The next indicator I use is the Nasdaq Bullish percents. This indicator has had a mixed history; a whipsaw period from 2000 to 2002 has given way to a more “mellow” period of swings. Since 2002 there looks to have been a displacement of overbought/oversold zones; pre-2002, tops and bottoms came in the 50s and 20s respectively, post-2002, tops and bottoms now fall in the 30 and 70s range. Again, it is not a perfect indicator as reversals can occur before extremes are reached. The MACD may be used to confirm a signal, but its switch to a ‘buy’ or ‘sell’ lags the Nasdaq reversal, limiting its appeal. Changing the settings of the MACD to a tighter time frame [5,9,3] may help.

The best way to prepare for reversals is to look for a weekly change from up-to-down, or down-to-up, after a long period of gains or declines. Again, in May and June of 2006 this led to whipsaw signals, the most recent signal was given in October 2006 and was a ‘sell’. Utilizing a faster MACD setting reduces the number of signals, taking out one of the whipsaw signals from May 2006 and the premature ‘sell’ signals in November 2005, not to mention the October 2006 signal.

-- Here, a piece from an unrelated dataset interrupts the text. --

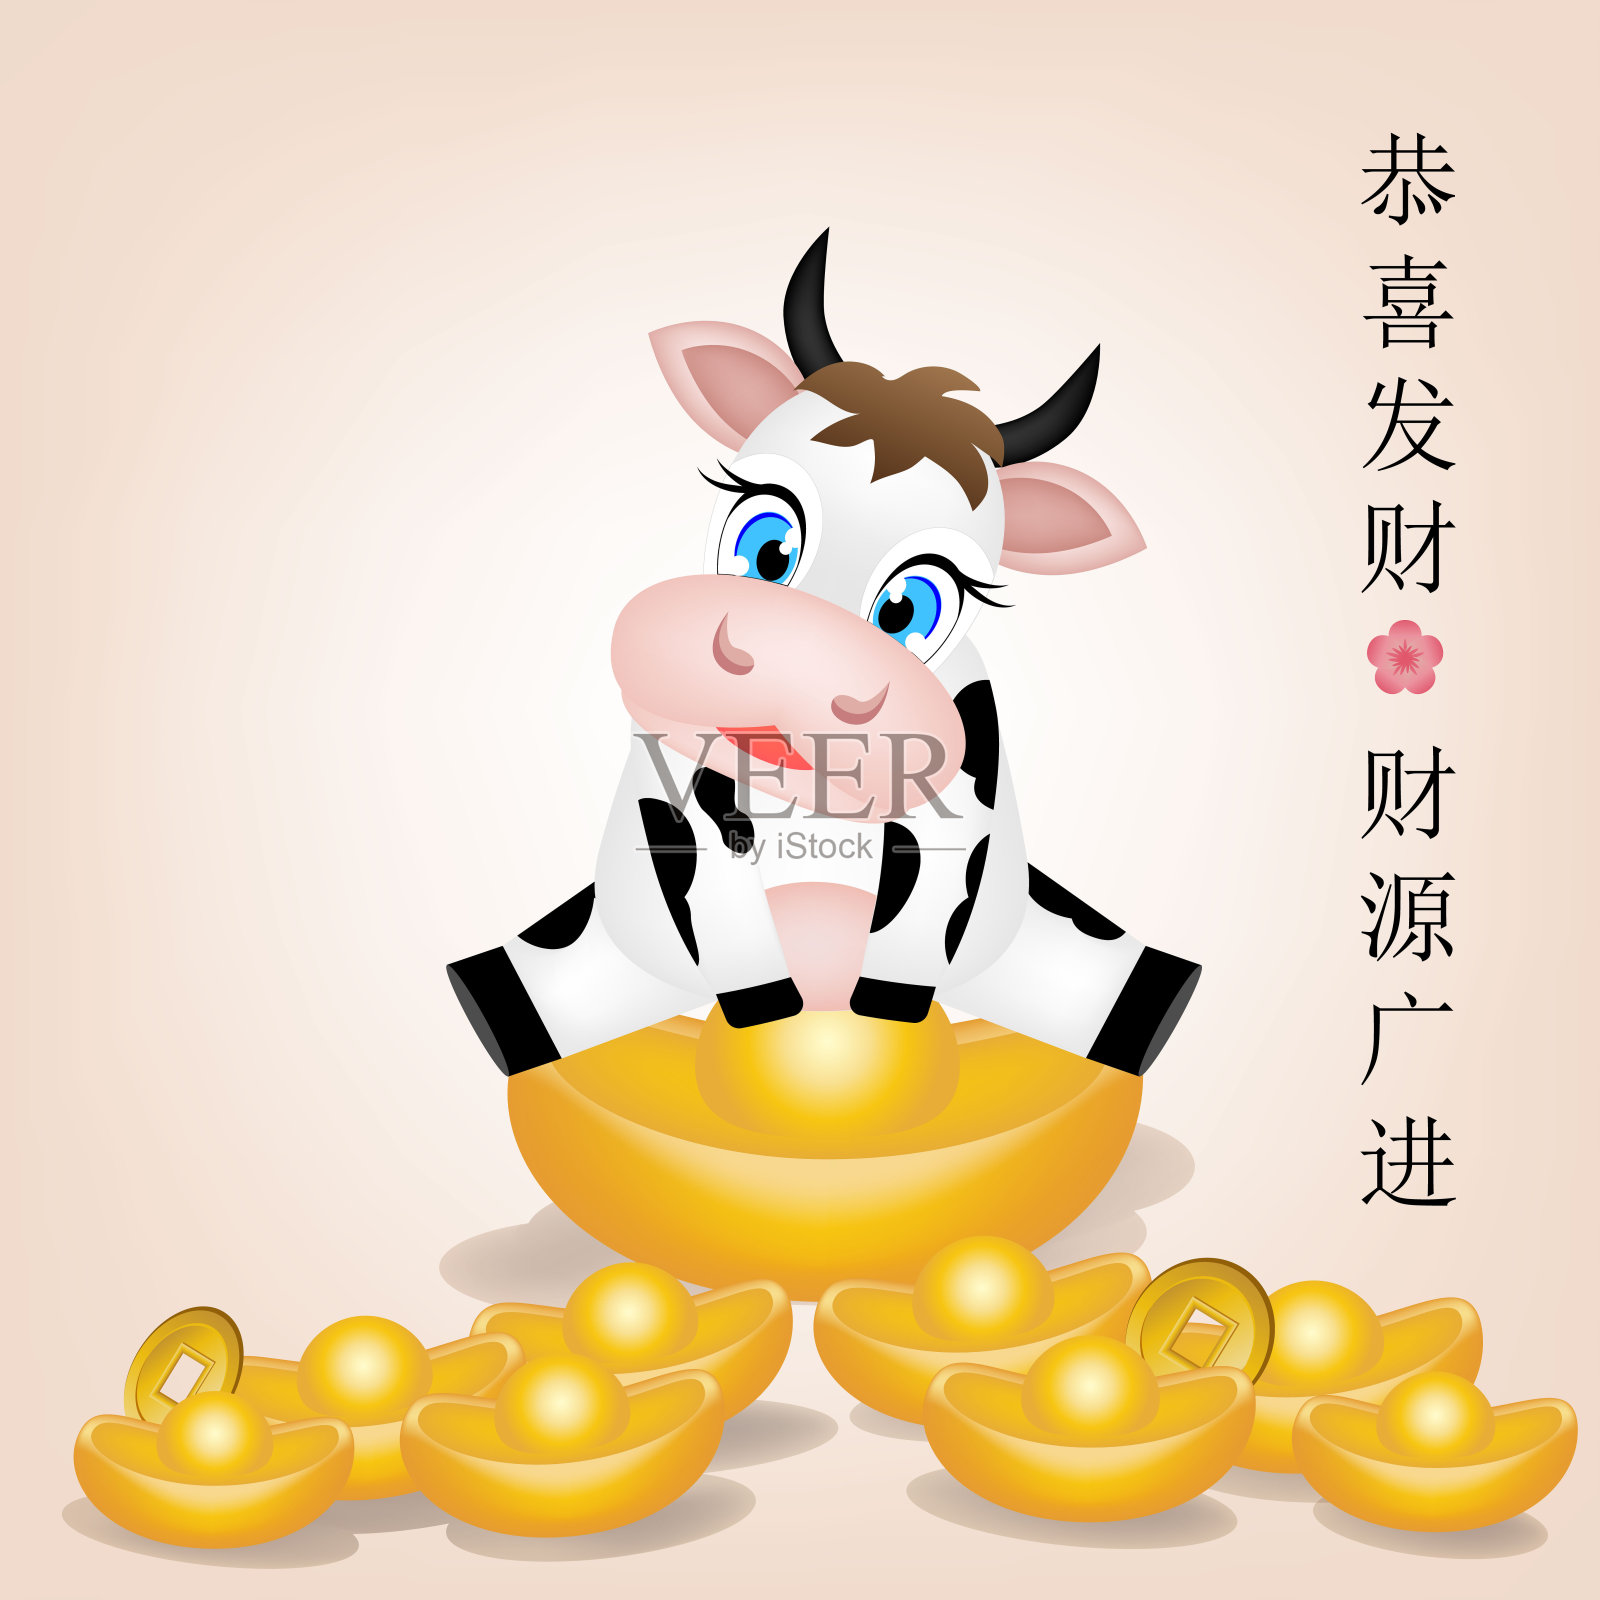 中国新年牛年2021年。红纸剪牛字。花和亚洲元素与工艺风格的背景。(中文翻译:2021年春节快乐。年的牛)插画图片素材

The final market internal I use is the number of stocks over the 50-day MA. For the purposes of this article I am using the percentile range. Like any market internal it isn’t perfect. Bottoms come in around 30% and below, tops occur at 60% and above. Where problems can occur was made apparent in early 2003; back then the indicator reached 60% relatively quickly while the Nasdaq lurked around 1,500, the market internal then whipped around in the 50 to 90 percentile range for the rest of the year as the Nasdaq climbed up to 2,100 – so clear signals were difficult to compute. One area it can be helpful is in spotting divergences, such as the one which occurred in early 2006; will the current action around the 60 percentile lead to something similar?

An alternative market internal is the number of stocks above the 200-day MA. While it is more difficult to define the overbought/oversold range, it does hold up better to MACD histogram signals. The ‘buy’ signals hold up well, but a better ‘sell’ signal looks to occur once the histogram starts to rollover (the blue circles). But, 2003 was also problematic for the market internal when the market peak came when the histogram made new lows! In the current case, the MACD ‘buy’ from August 2006 holds, but the MACD histogram looks to have peaked (or is very close to doing so).

There are a number of other market internals which can be used, including the Nasdaq New Highs-New Lows ($NAHL) and Nasdaq High-Low index ($RHCOMPQ), but I find these internals too busy for my purposes.

It is my analysis drawn from these internals that I allocate a


rating which can be found at the top of the page, above my Collectiv2 portfolio returns. I should add, I am not trying to call an absolute top or bottom for the markets as this is a pure crapshoot - and don't let anyone fool you otherwise (because every reversal needs technical confirmation, and these confirmations take time to complete). What I am looking for is the point in the trend when one should considering buying into weakness, or selling into strength. You can see in my Collective2 portfolio returns based on a sample $100K account:

how I jumped the gun a little in May (eventhough I was bearish) and was slapped down for doing so. When I felt the market was more conducive to long positions I was able to take advantage. In May/June I was running a 80:20 equity:cash exposure. October looks like it will be the strongest month for returns, even though I am now bearish the market. These returns are based on an 16:84 equity:cash exposure, using a trailing stop to take advantage of blow off moves common at this late stage of the market. Only 2 positions remain in this portfolio and I can't see this changing for another few months yet.